*To do:* Set down only these lines, exactly: the line containing "KakaoTalk_20151230_234736181.jpg : DJ" and all lines through the end of the data below. Omit pictures.

*Supplied information:*
---
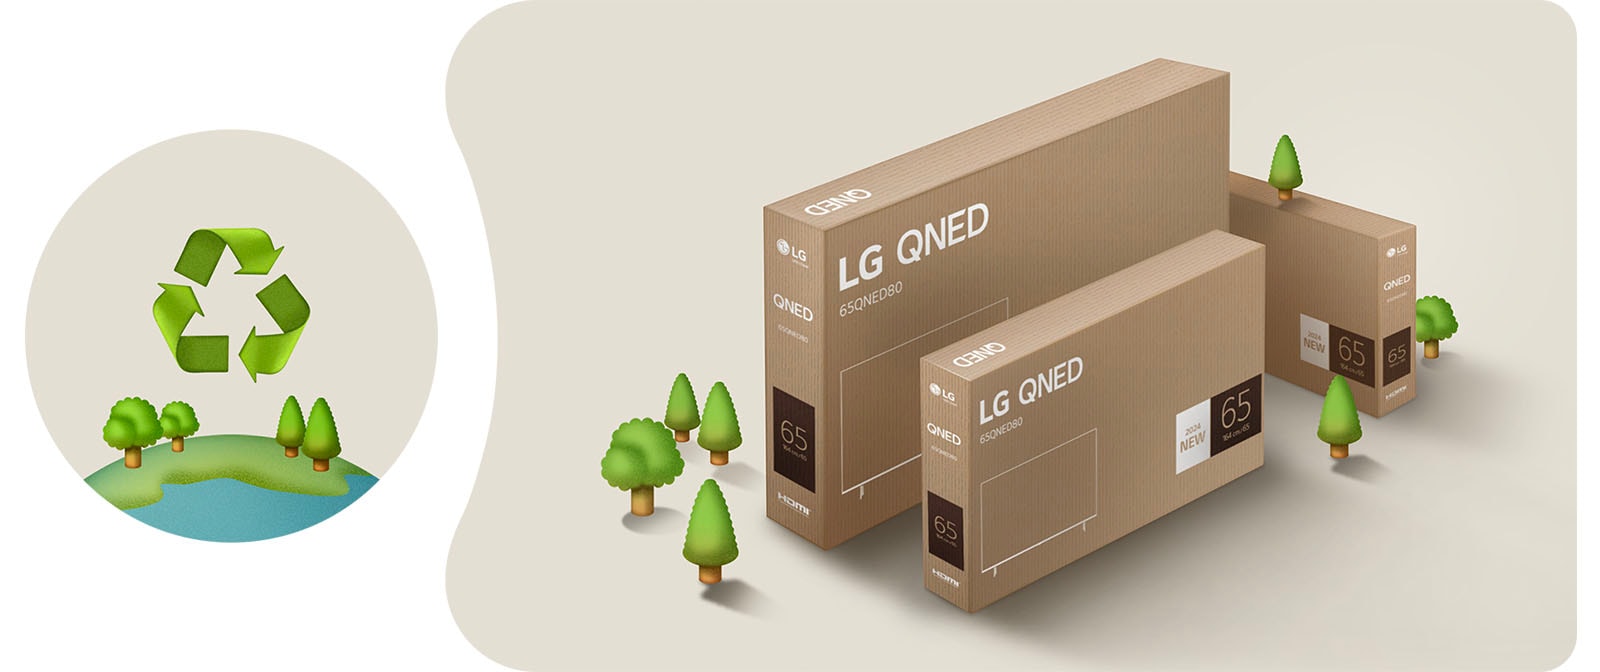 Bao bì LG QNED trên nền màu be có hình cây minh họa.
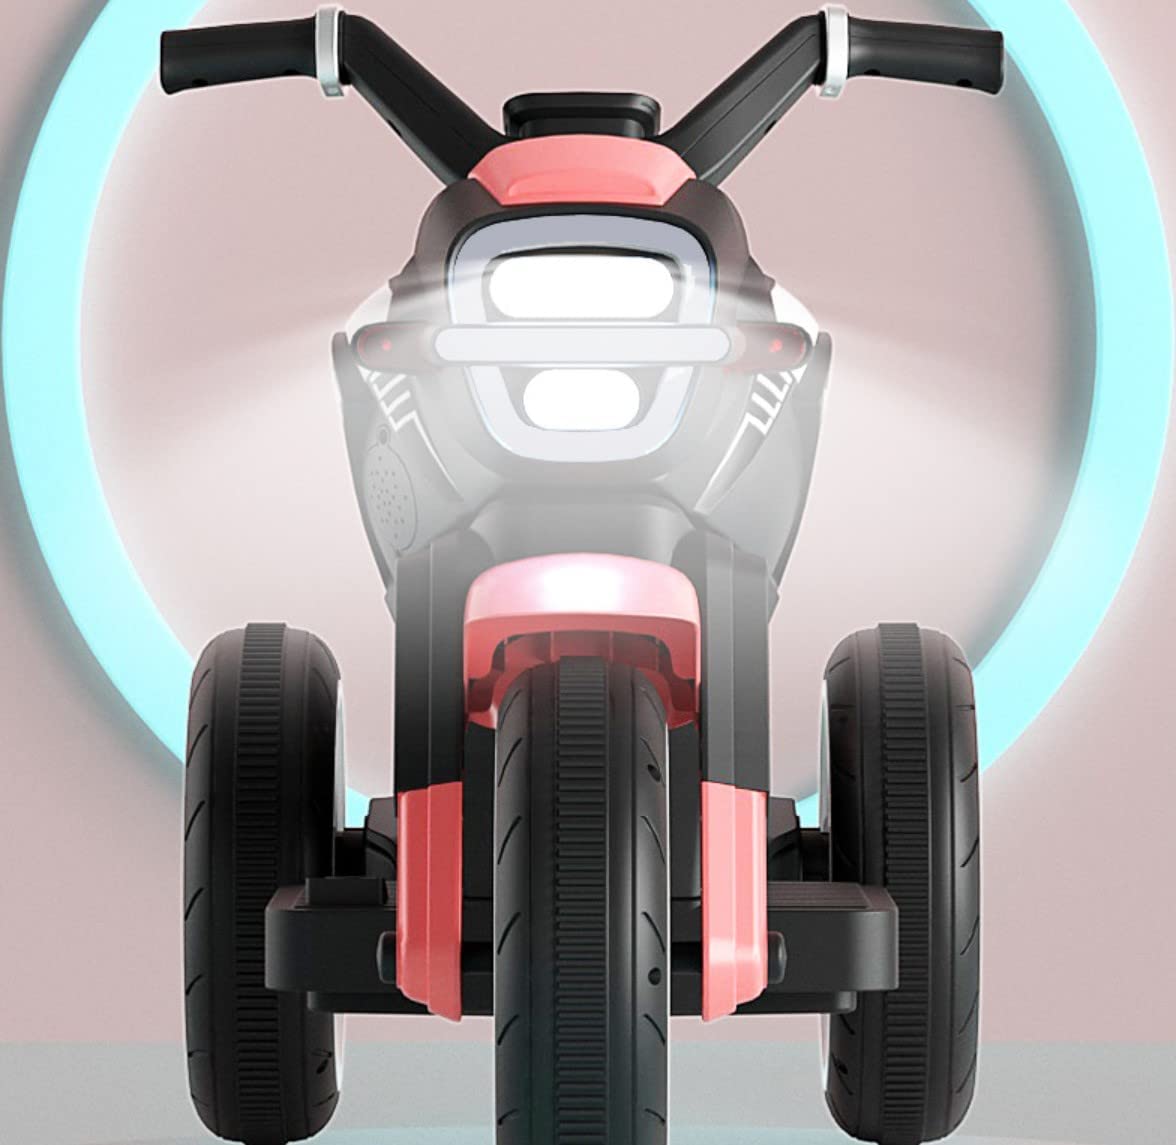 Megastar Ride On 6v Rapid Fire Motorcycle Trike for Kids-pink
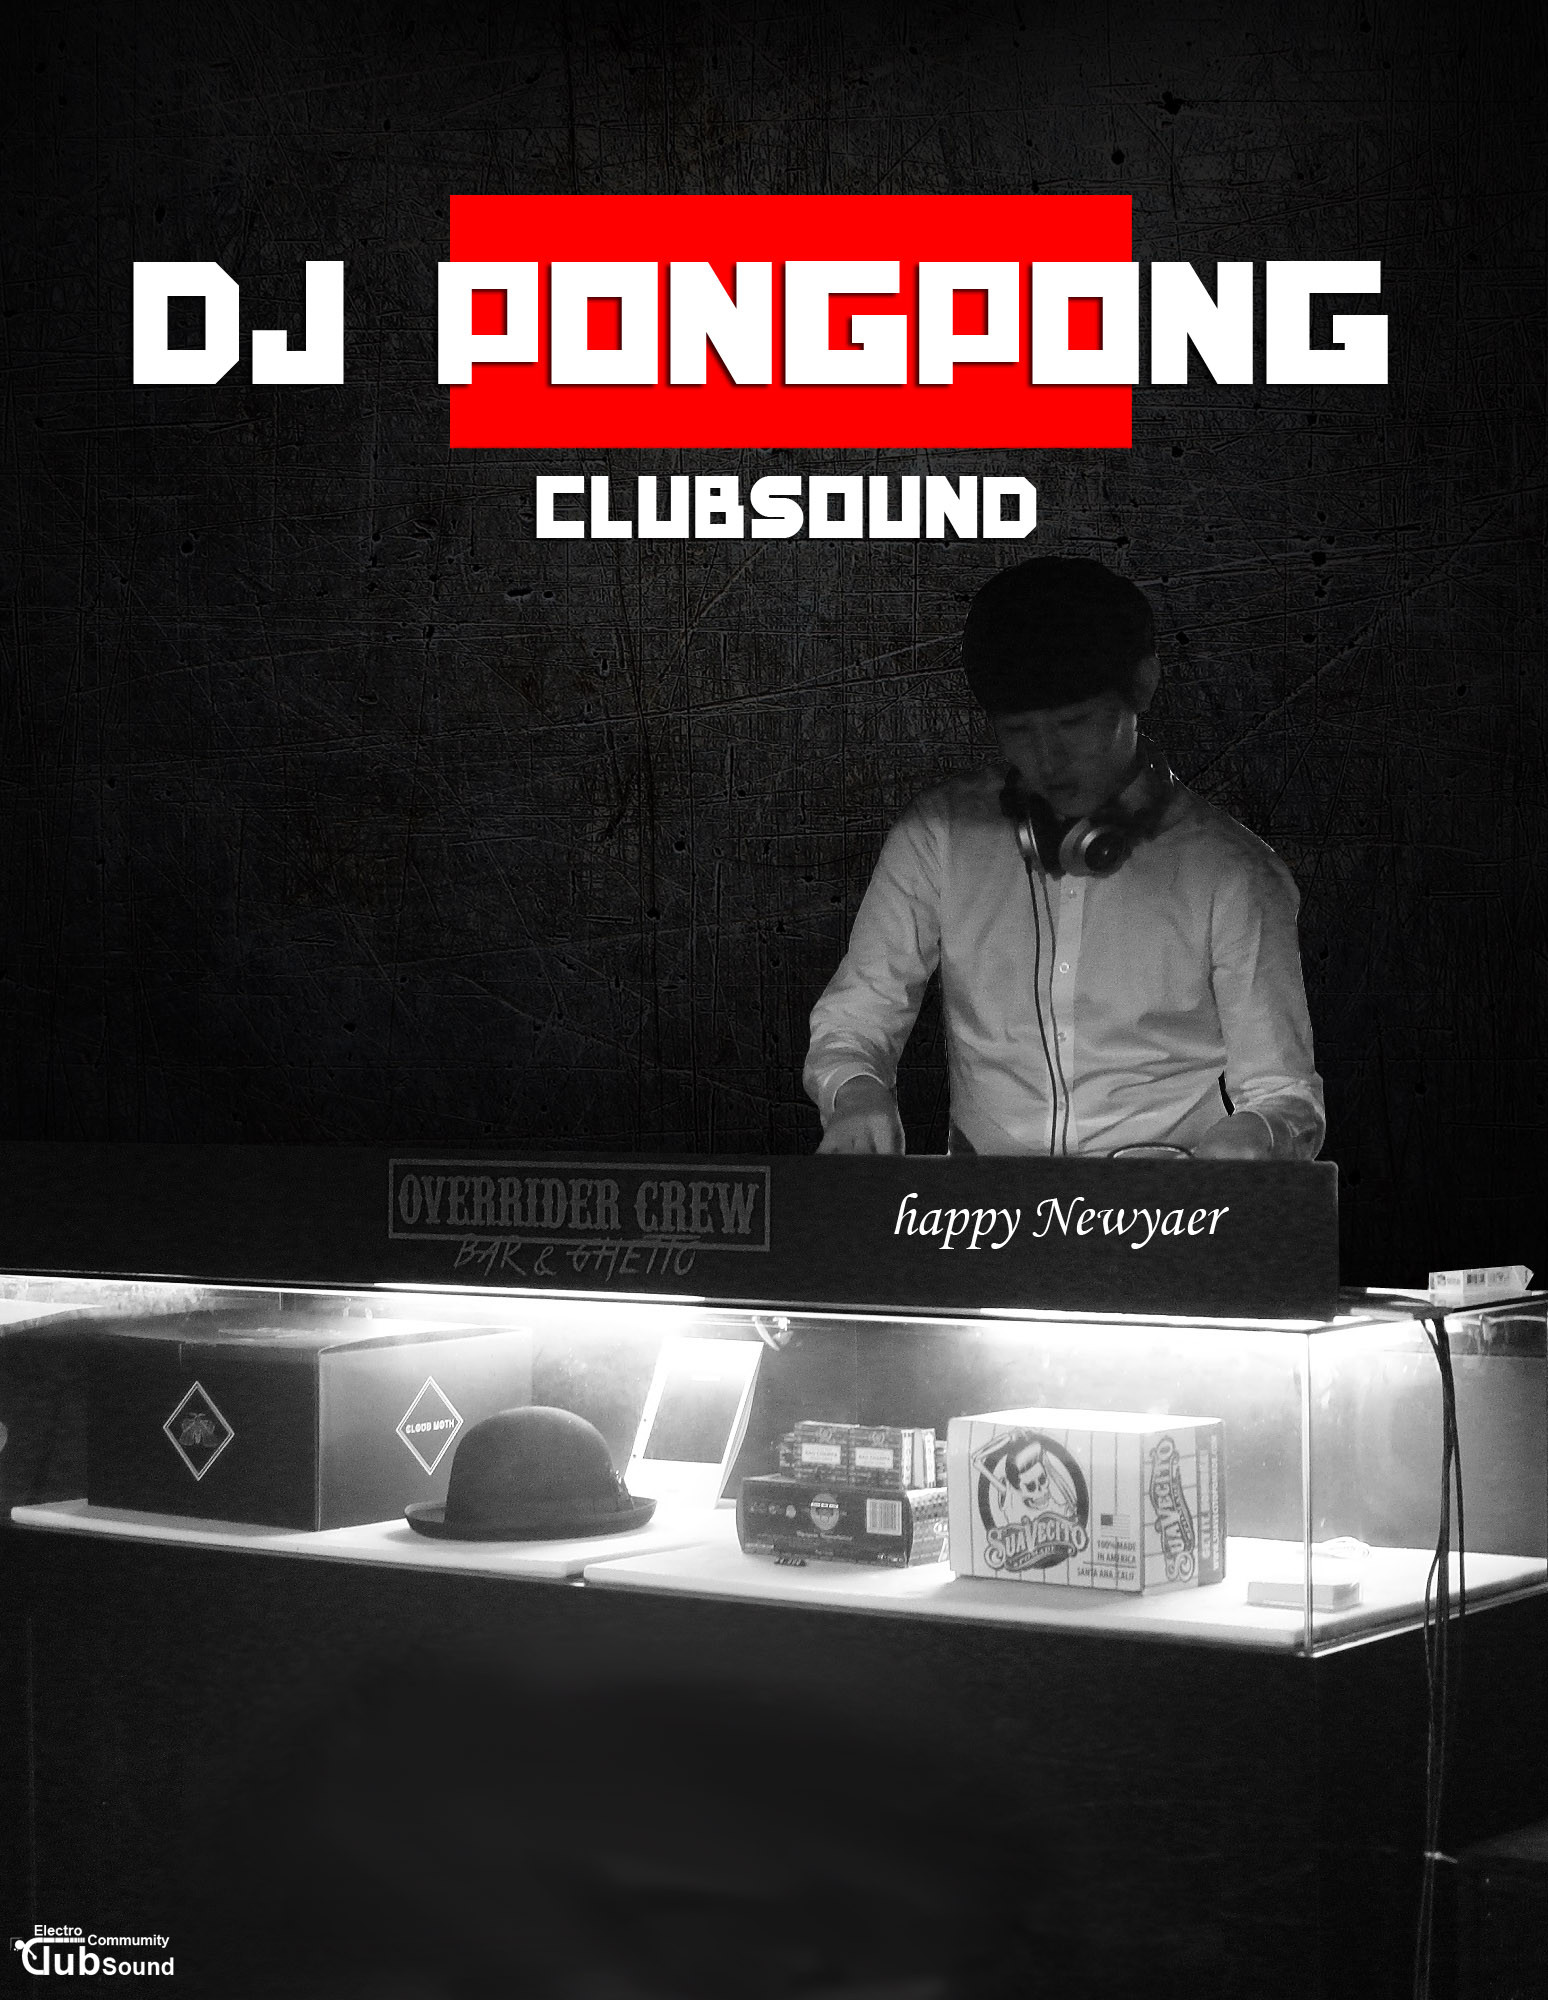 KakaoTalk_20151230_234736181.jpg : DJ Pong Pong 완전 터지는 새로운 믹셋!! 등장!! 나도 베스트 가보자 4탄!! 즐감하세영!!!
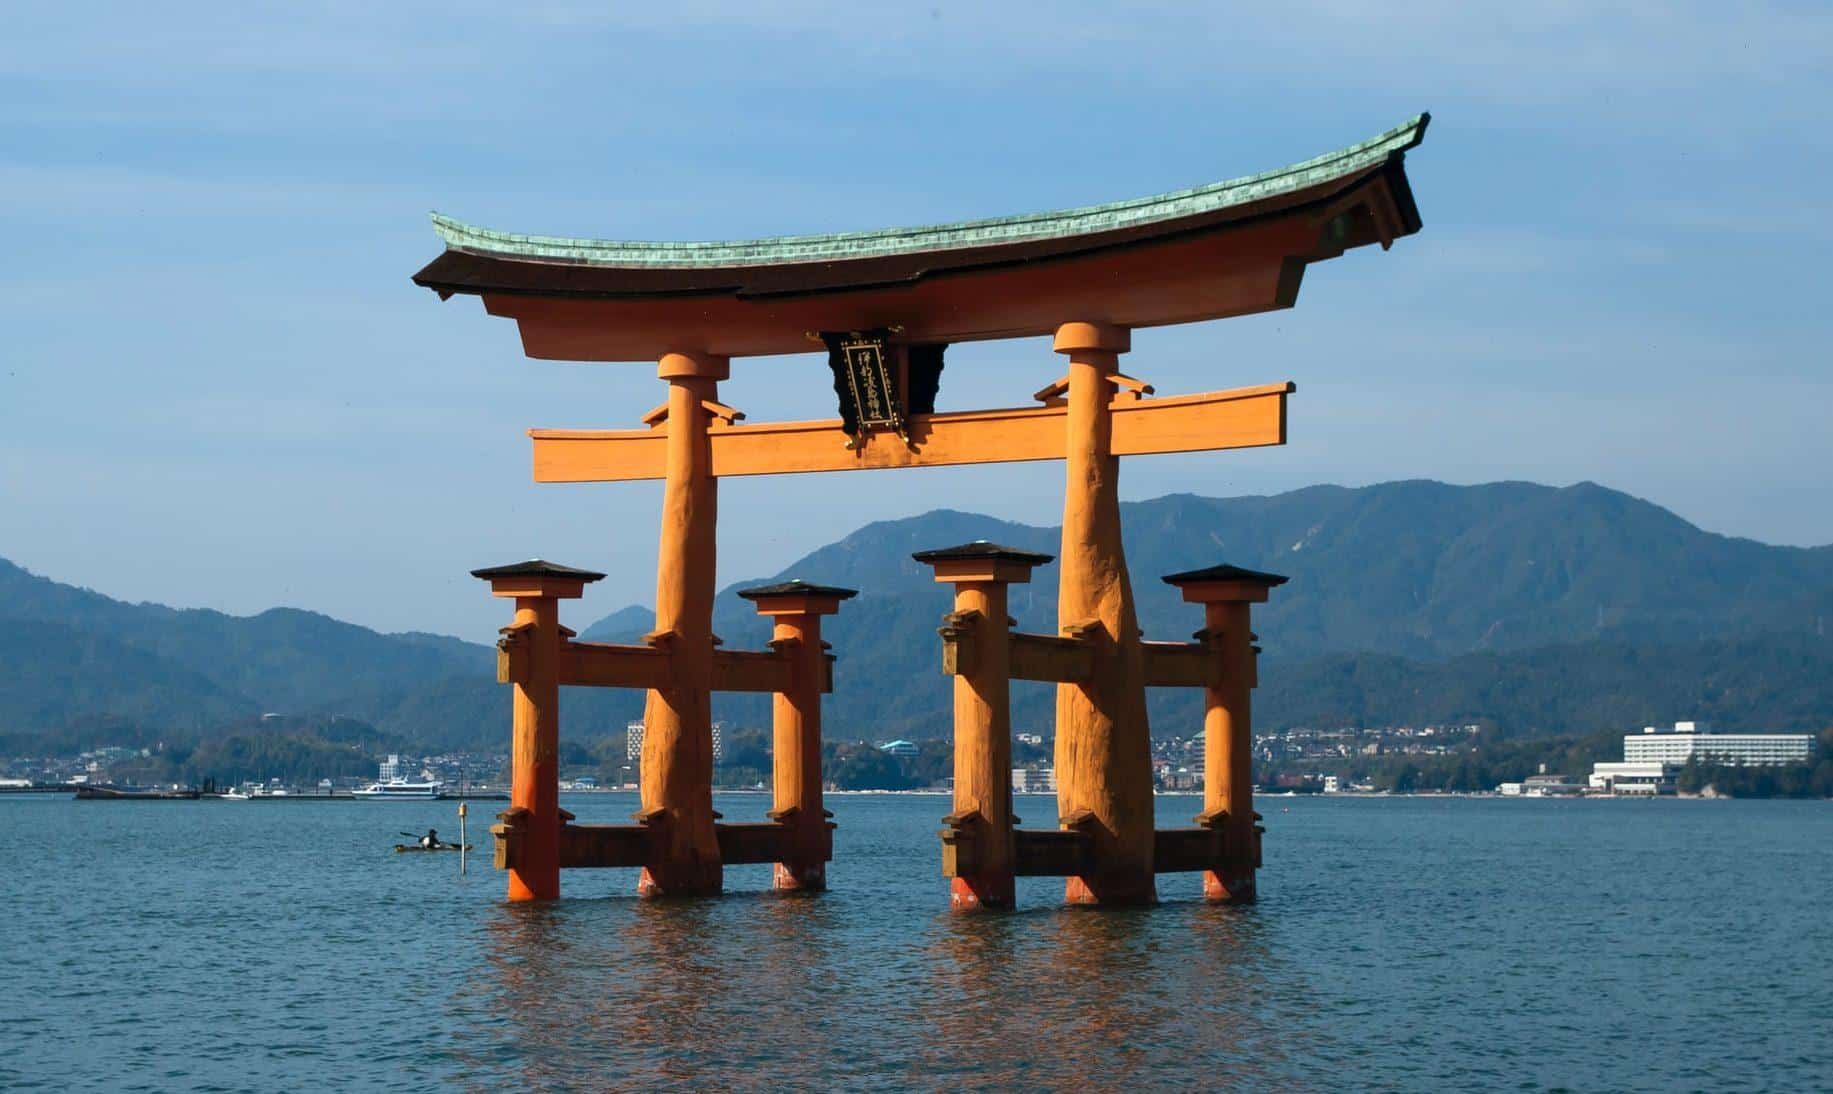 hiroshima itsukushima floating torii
---
*Written response:*
 KakaoTalk_20151230_234736181.jpg : DJ Pong Pong 완전 터지는 새로운 믹셋!! 등장!! 나도 베스트 가보자 4탄!! 즐감하세영!!!
 hiroshima itsukushima floating torii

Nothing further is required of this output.